Even when he is not discharged, simmering resentment over grievances
like non-promotion or harassment may cause him to reach such a
level of frustration that he quits. [FN203]
While legally available, reinstatement ceases to be a practical
option after months, or years, have elapsed since the employee
was on the job. *521 Rarely does the defendant offer, or the plaintiff
seek, reinstatement in such circumstances. My practice starkly
illustrates this point. Approximately ninety-five percent of the
employees of private firms whom I have encountered no longer worked
for the defendant-employer. This statistic contrasts with a mere
twenty-five percent of the government worker-plaintiffs, who enjoy
civil service protection from unjustified firing instead of serving
at management's will. None of these plaintiffs, in either the public
or private sector, was rehired; few, I recall, even wanted to be.

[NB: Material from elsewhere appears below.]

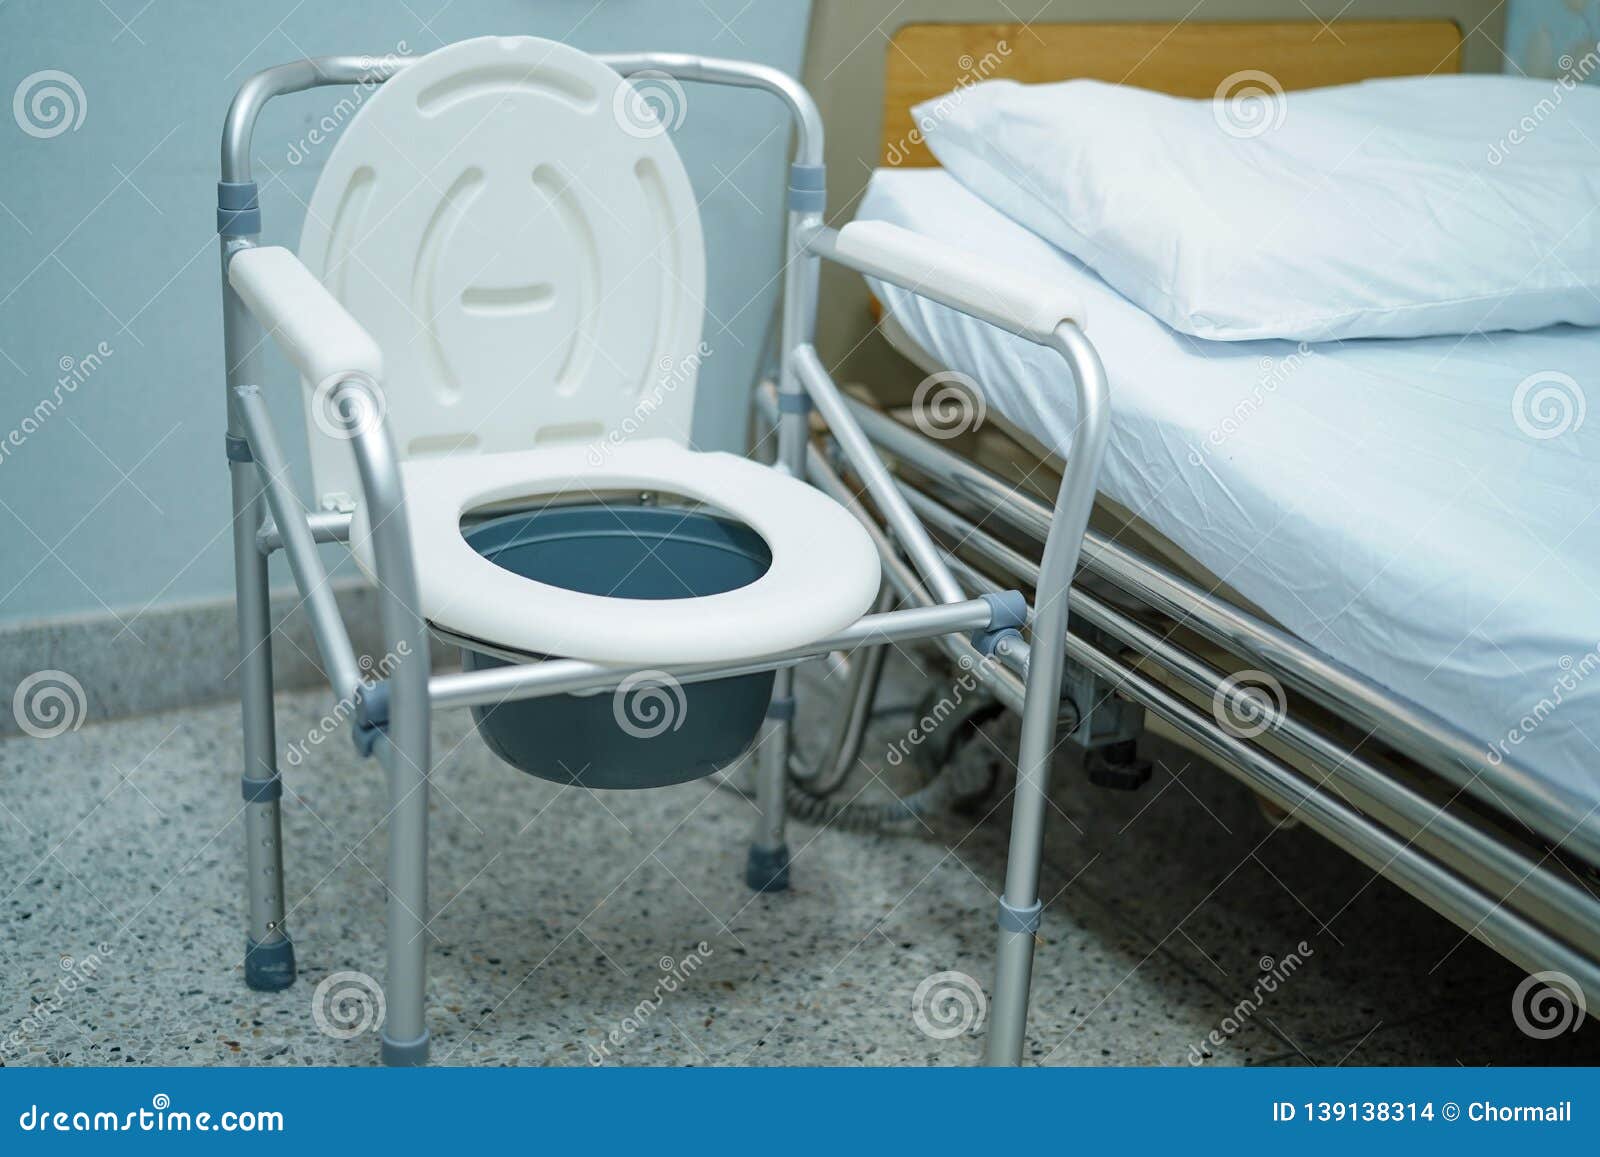 commode chair or mobile toilet can moving in bedroom or everywhere for elderly old disabled people or patient

Reinstatement aside, "old" cases generally offer little
scope for inventive bargaining. Negotiation generally focuses on
purely distributive damages issues.
To be sure, some modest non-monetary forms of relief crop up
upon occasion-for example: sanitizing a bad record, providing a
reference (if the complainant still requires one), and expressing "regret"
for what occurred. [FN204]
An actual apology smacks too much of a confession of "guilt" for
most defendants or their lawyers to stomach, even when the employer
quite clearly did something unfair, if not illegal.

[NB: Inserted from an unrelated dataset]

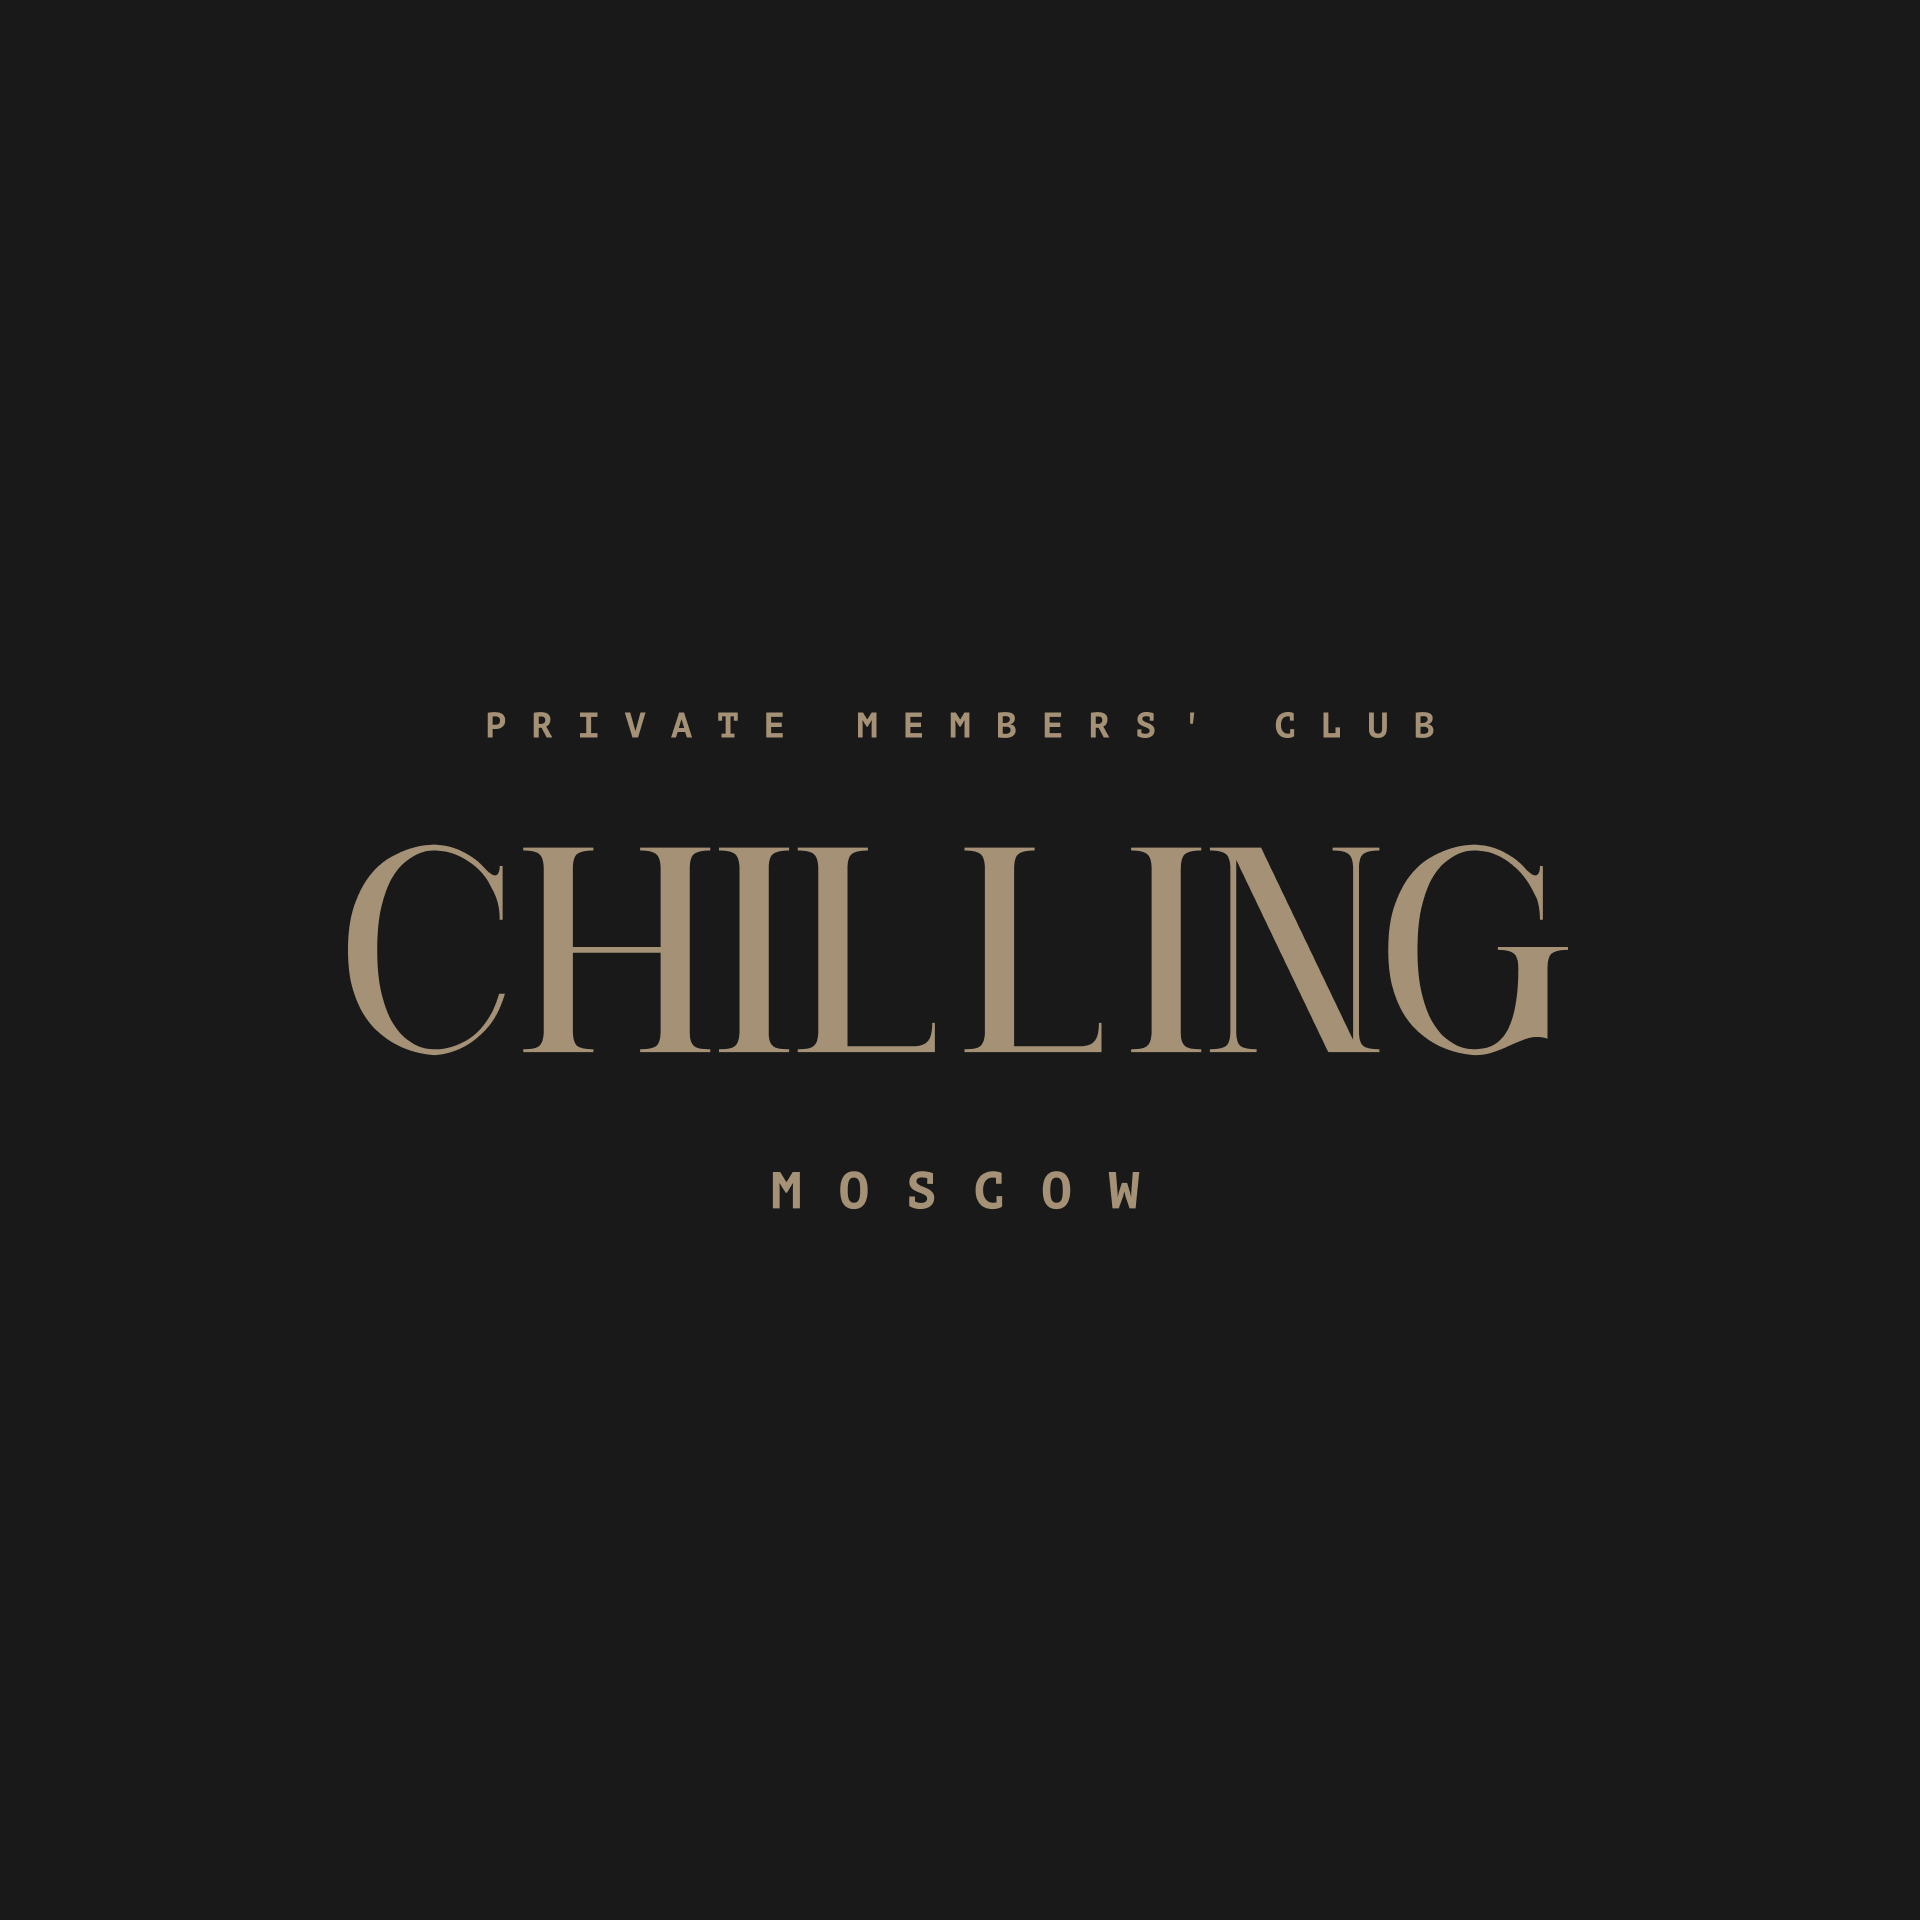 Chilling Moscow. Кальянная чиллинг Красносельская. Chilled in Moscow. Private member

Sometimes, too, the mediator can help the parties deal creatively
with dollars. For instance, the agreement between Derek and the
law firm that failed to hire him stipulated that a portion of the
money would go to a charity of Derek's choice in the name of Morris,
the senior partner. Other cases have culminated in structured settlements
of various kinds, taking account of the participants' needs with
respect to taxation [FN205]
and other matters. In addition, when making a mediator's proposal
of a compromise solution, I try to light on a sum that has particular
meaning for at least one party. As an illustration, where an employee
was denied a promotion, I picked an otherwise "ballpark" number
that equated to the marginal amount she would have earned had she
gotten the promotion and then quit two years later--as in fact
she did--to become a full-time mother. Contrary to what lawyers
frequently say to the mediator, it is never "just about money;" psychology
counts.
Nonetheless it remains true that early mediation holds considerably
more promise of specific, not purely monetary, relief. To some
degree, this phenomenon is due to another harmful effect of litigation
and delay: their tendency to lessen
mediation's ability to salvage or repair relationships. [FN206]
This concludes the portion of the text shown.